- _Exercise description_: Give the listing again word for word. Leave every image out.
** Opening Dataset section block **
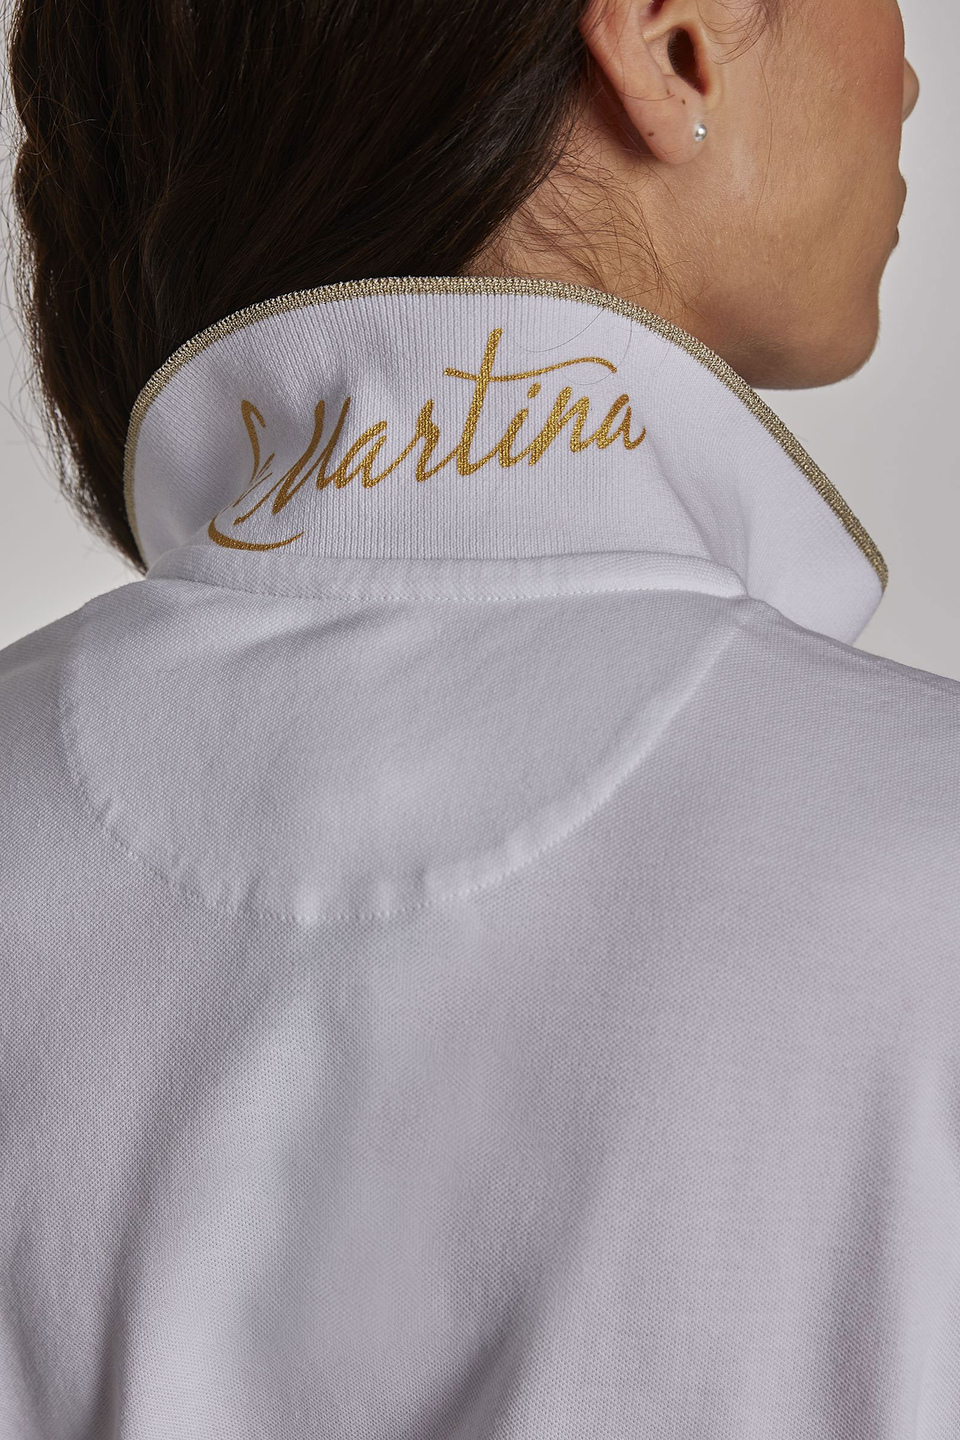 Robe femme en coton à manches courtes et coupe classique - La Martina - Official Online Shop
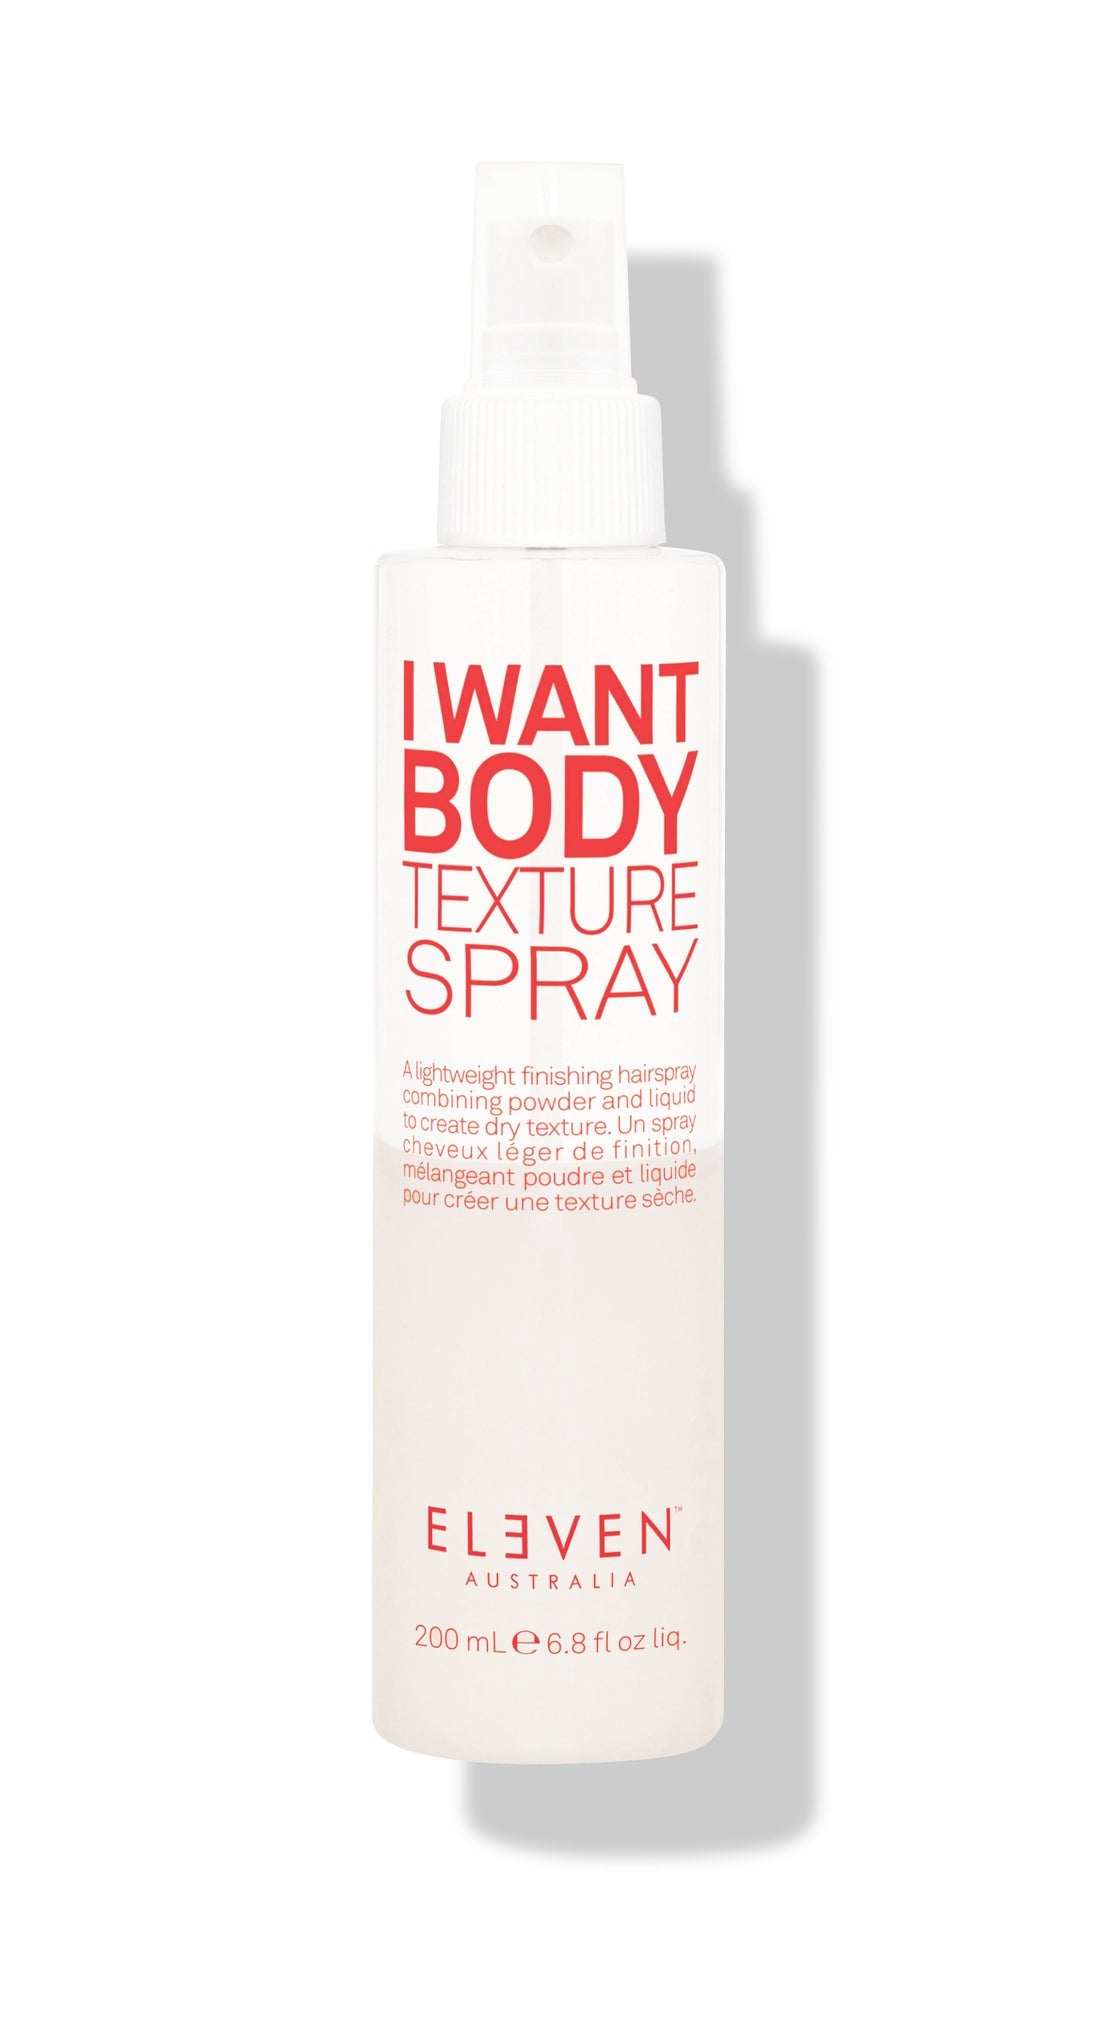 I want body texture spray
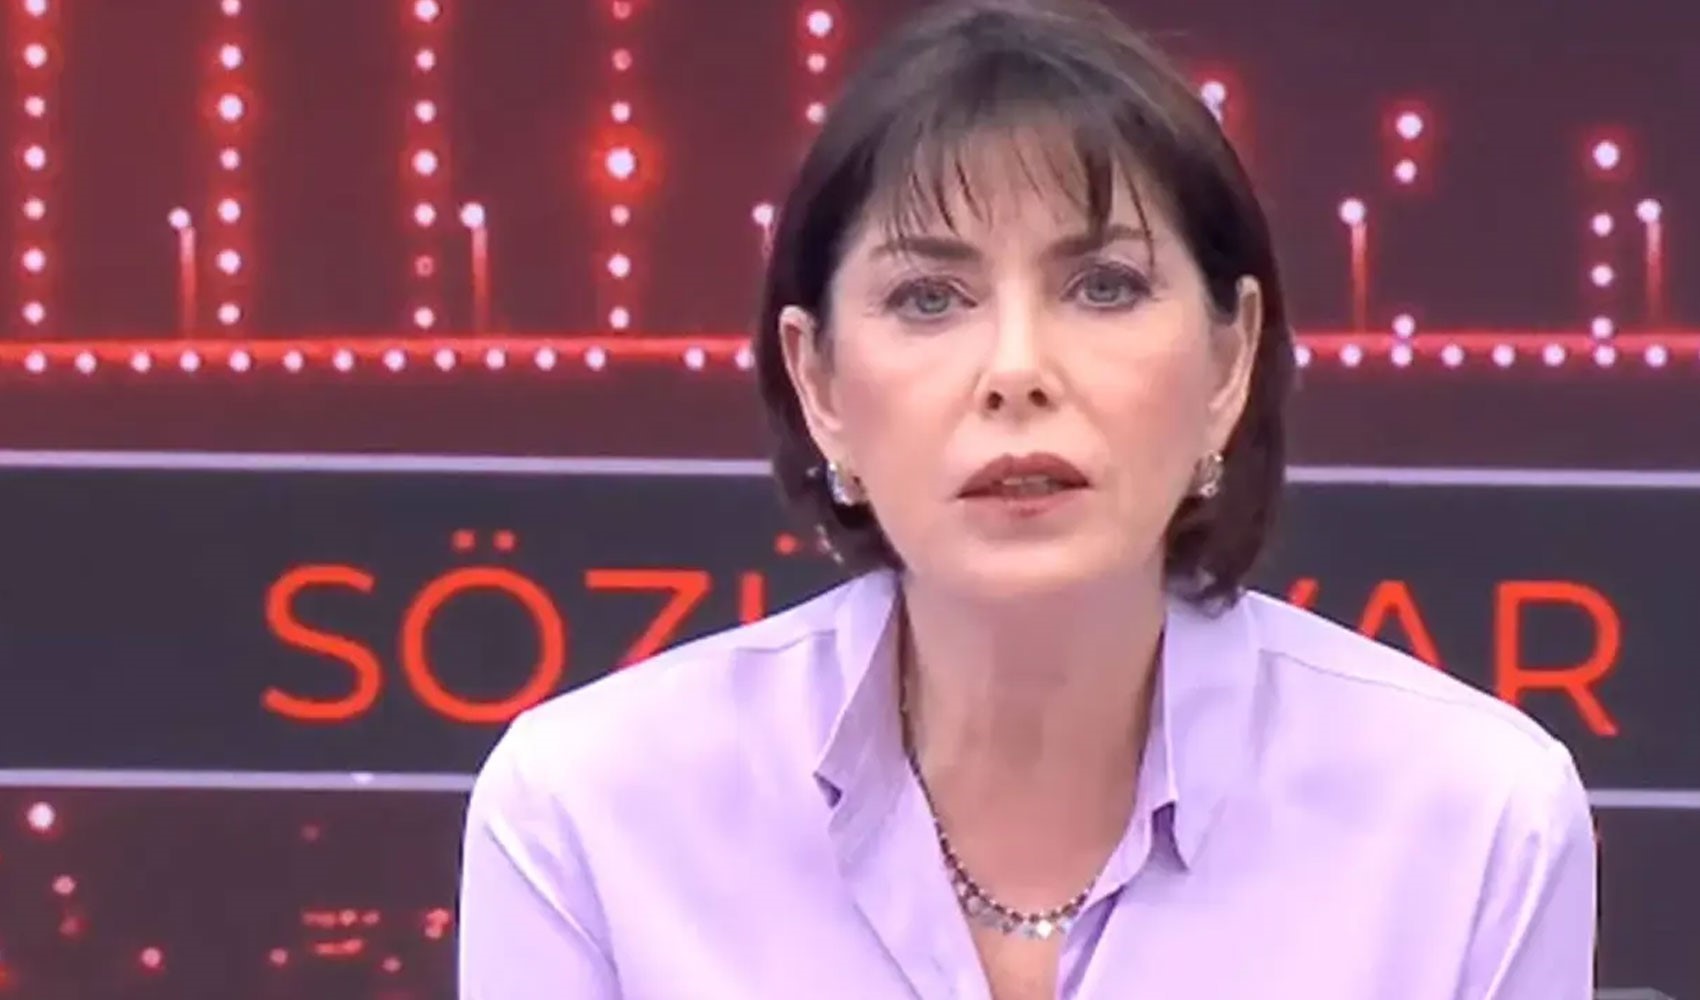 Şirin Payzın Halk TV'den ayrıldığını açıkladı
** Closing Dataset section block **
- _Written reply_:
 Robe femme en coton à manches courtes et coupe classique - La Martina - Official Online Shop
 I want body texture spray
 Şirin Payzın Halk TV'den ayrıldığını açıkladı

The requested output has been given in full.